Task to carry out:
Once you find the line containing "Misure: 46-56" in the data below, copy it and each following line exactly, up to and including the line containing "Anker <b>713</b> Charger (Nano II 45W)", and nothing else.

Entries provided:
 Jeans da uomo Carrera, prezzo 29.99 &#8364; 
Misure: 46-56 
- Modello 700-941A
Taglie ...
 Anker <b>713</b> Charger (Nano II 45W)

---

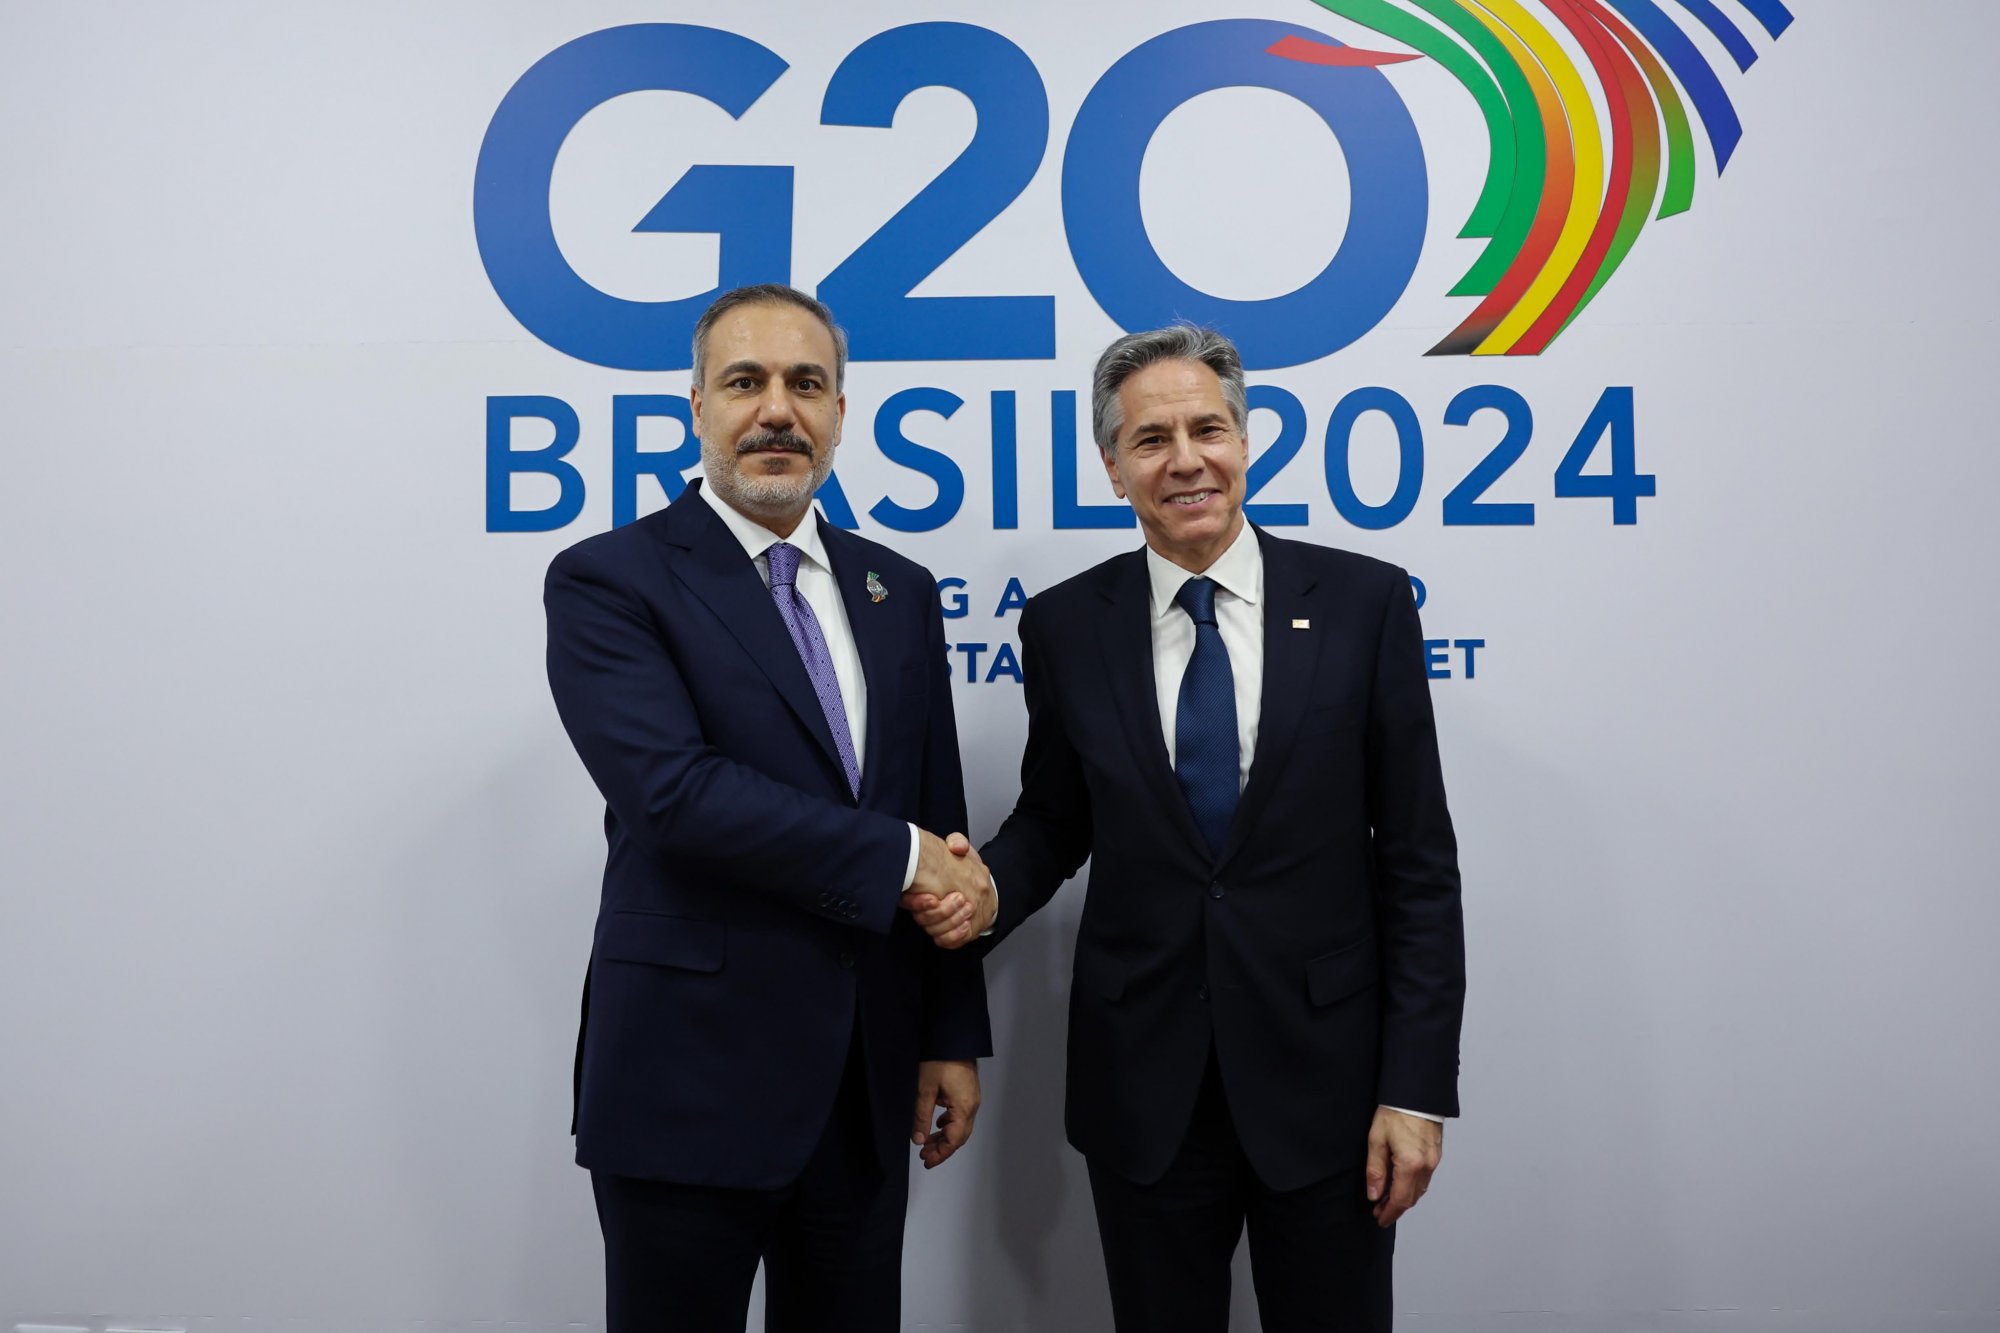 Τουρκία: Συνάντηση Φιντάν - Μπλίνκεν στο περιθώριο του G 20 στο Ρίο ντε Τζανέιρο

Reply:
Misure: 46-56 
- Modello 700-941A
Taglie ...
 Anker <b>713</b> Charger (Nano II 45W)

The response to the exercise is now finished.